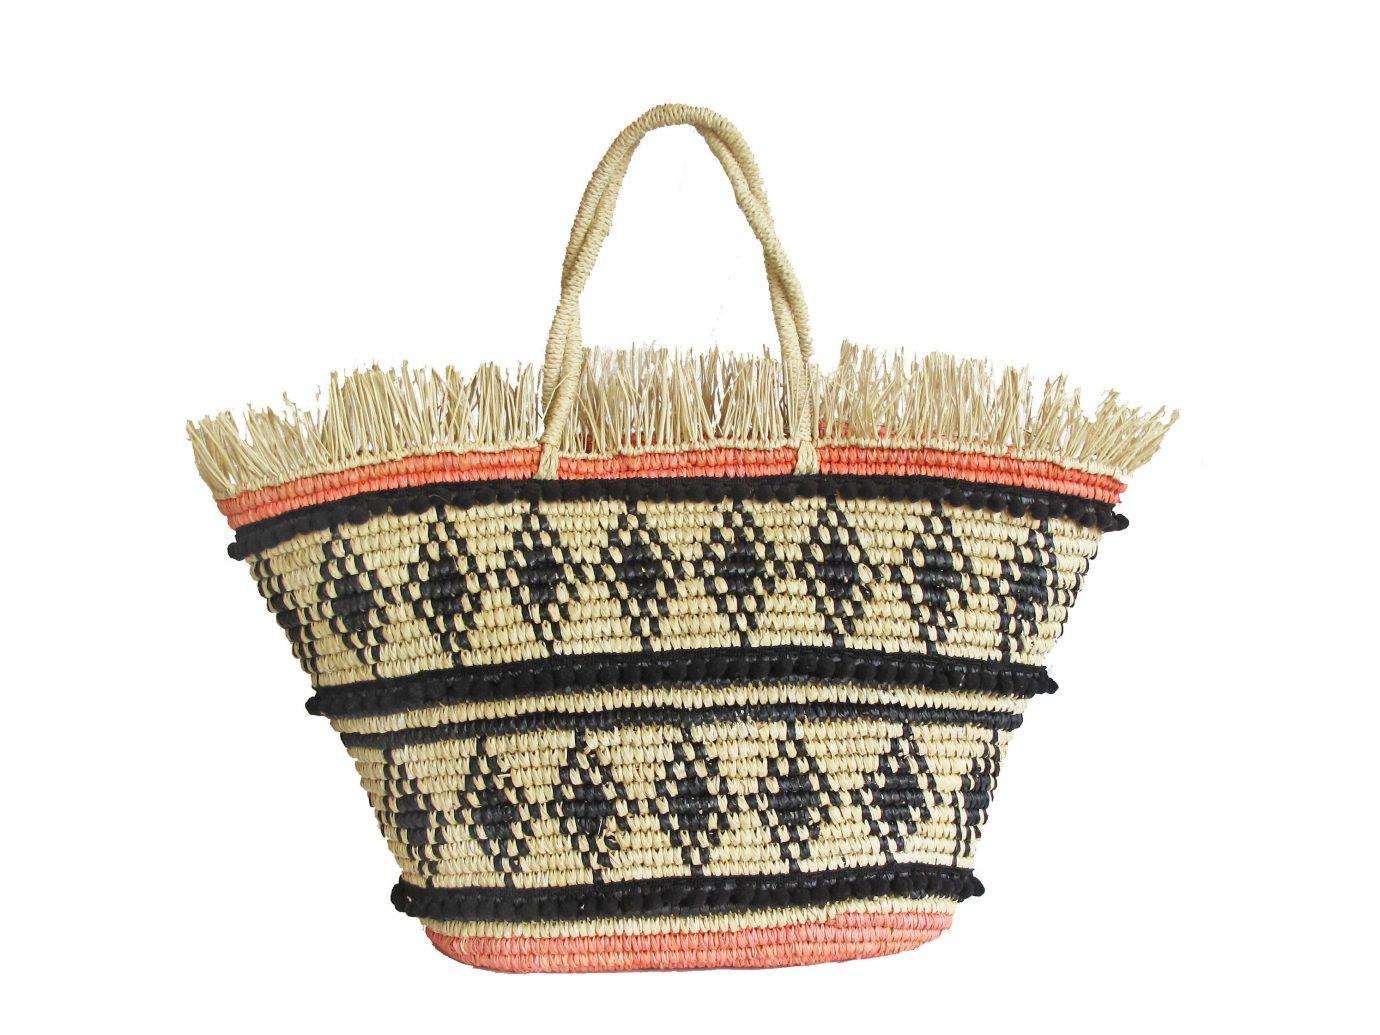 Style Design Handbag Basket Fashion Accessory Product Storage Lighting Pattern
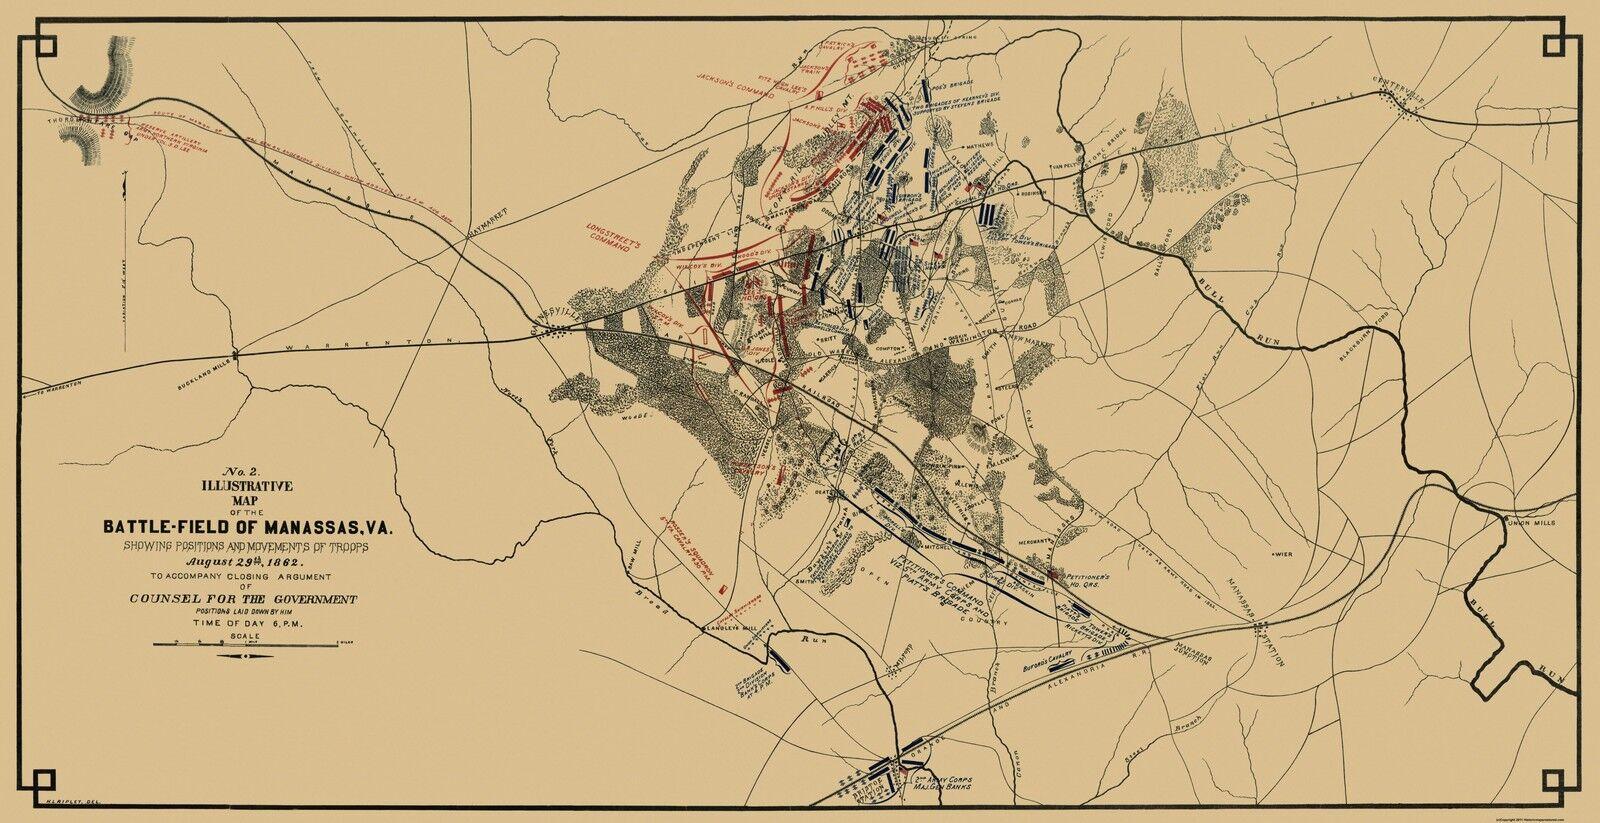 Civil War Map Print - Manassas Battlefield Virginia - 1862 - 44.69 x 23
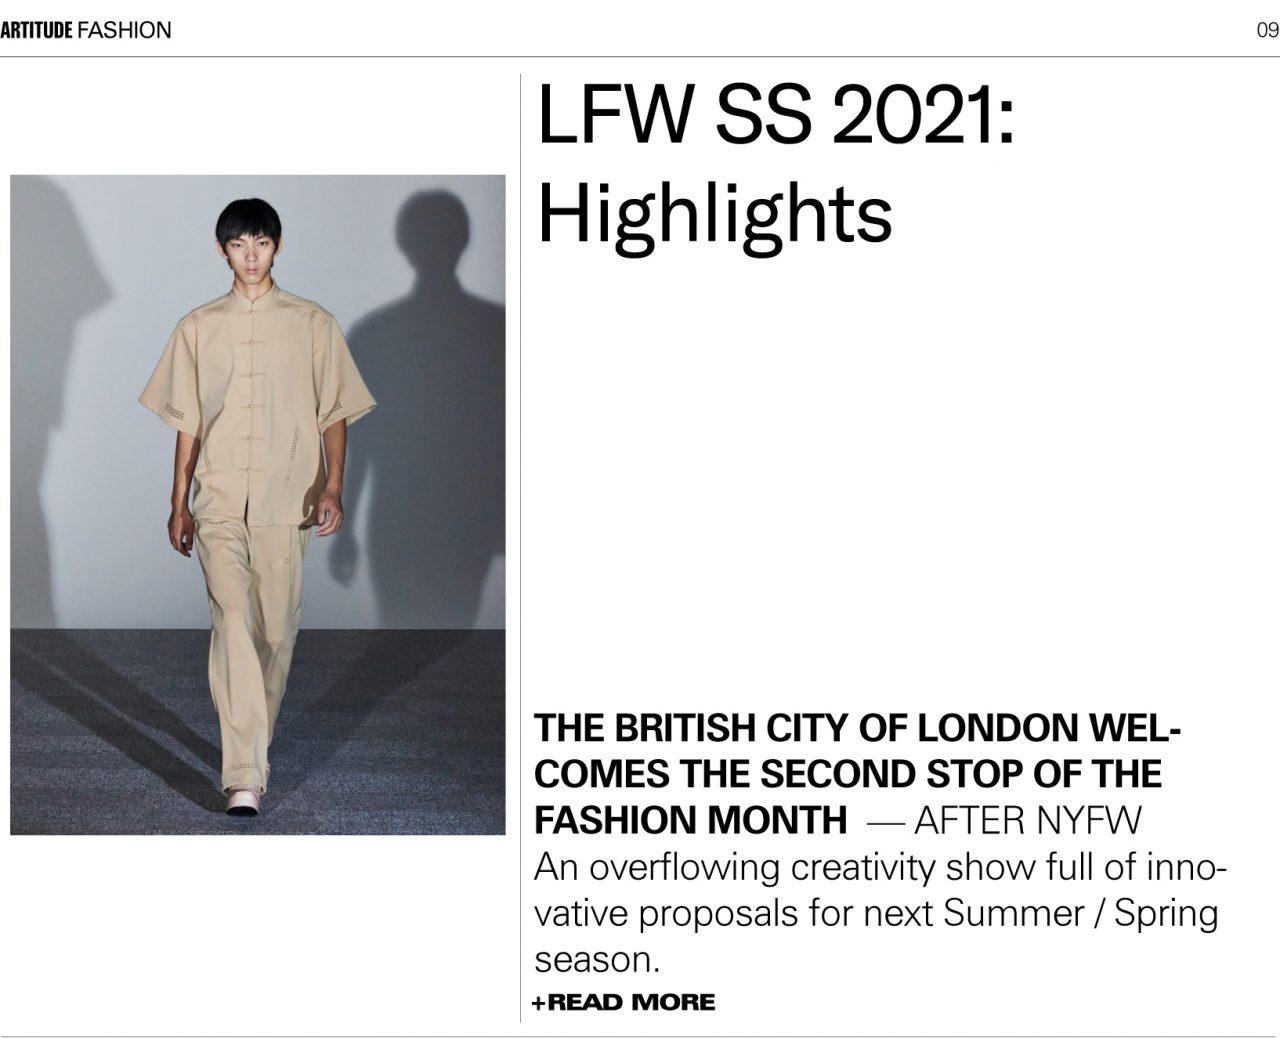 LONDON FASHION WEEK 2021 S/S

→ **TASK BRIEF**:
Your output should be the lines from the line containing "Civil War Map" through the last line of the listing above, restated exactly, with no pictures among them.

→ **PROBLEM SOLUTION**:
 Civil War Map Print - Manassas Battlefield Virginia - 1862 - 44.69 x 23
 LONDON FASHION WEEK 2021 S/S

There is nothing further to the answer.